In the list you obtain you have multiples tensor :
So if you want to use the network you should use every variables except the learning rate and the global_step counter. You can also use only a part of those variables as a starter for a larger network. I don't know if it would accelerate the training... maybe...
Note that output_b is missing in the checkpoint because of a bug in the saving method. This is fixed in the dev branch but the actual pre-trained network won't load with the software in that branch because of it.
Hi, Thank you for your detailed answer.In fact,I only want to extract the hidden vectors from the rnn,but in my list,it doesn't include the hidden vectors,right? the code:self.saver = tf.train.Saver(save_list) will save all variables, but hidden vectors didn't be saved,right? I want to use the hidden vectors in otherwhere,So can I get them from the tensorflow checkpoint file?but I didn't see them in the checkpoint file. (So sad!!!) Thank you!!!!
Maybe the hidden vectors are defined in this code: self.hidden_state = tf.Variable(tf.zeros((num_layers, 2, batch_size, hidden_size)), trainable=False)?

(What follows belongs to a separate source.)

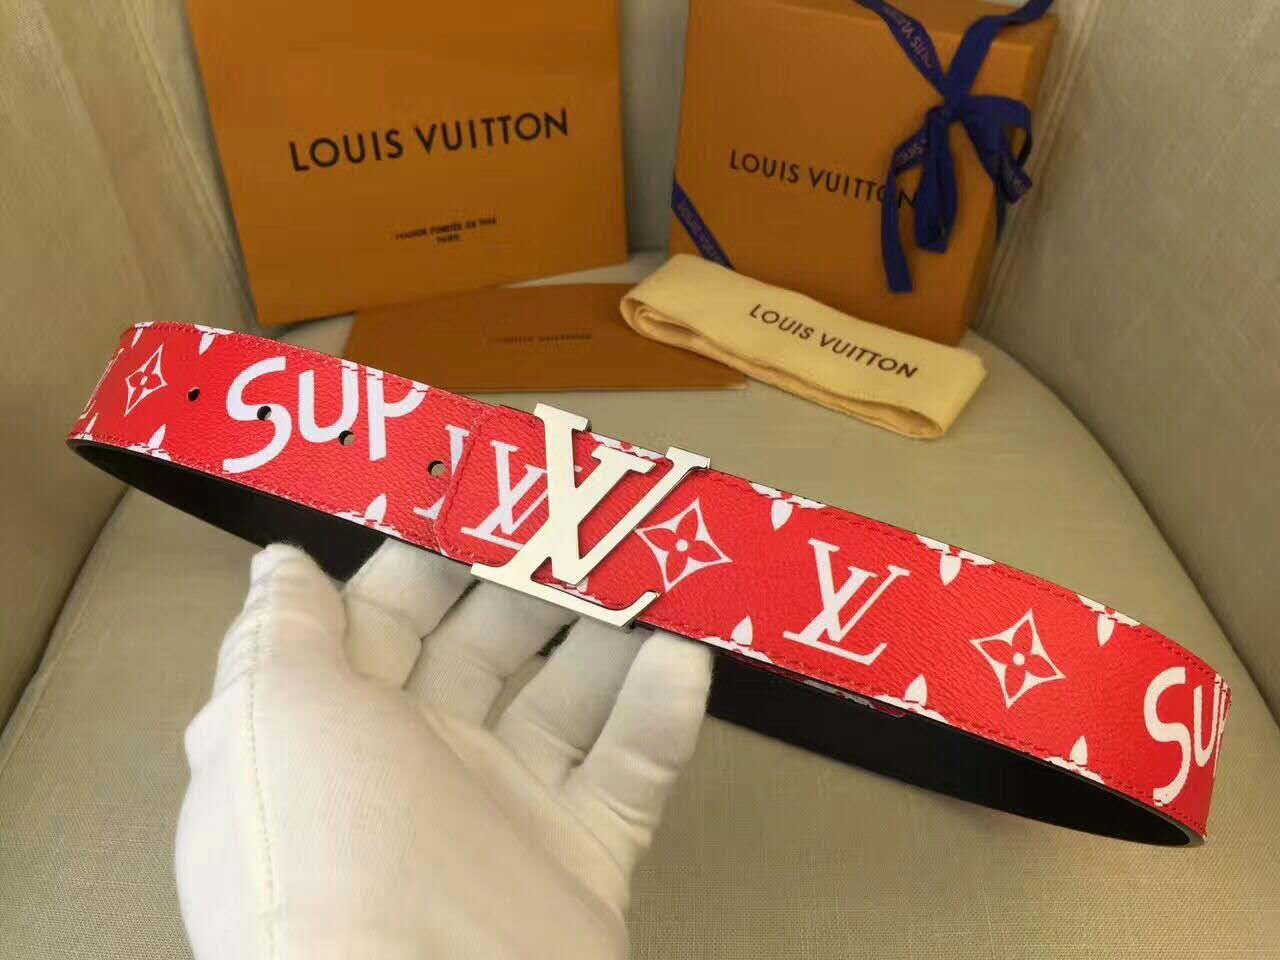 UA Replica Supreme X Louis Vuitton (LV) Belt in RED, BROWN AND

ok, I didn't understand it before, sorry. The hidden vector is in fact stored into the self.hidden_state variable. It's not saved into the checkpoint but your could have it with a minor change, just add it's name in the definition of save_list in AcousticModel.py :
save_list = [var for var in tf.global_variables() if (var.name.find('/input_w:0') != -1) or (var.name.find('/input_b:0') != -1) or (var.name.find('/output_w:0') != -1) or (var.name.find('/output_w:0') != -1) or (var.name.find('global_step:0') != -1) or (var.name.find('learning_rate:0') != -1) or (var.name.find('/weights:0') != -1) or (var.name.find('/biases:0') != -1)]
You can get the name by looking into the tensorboard's graph.
Thank you very much! I will have a try!!!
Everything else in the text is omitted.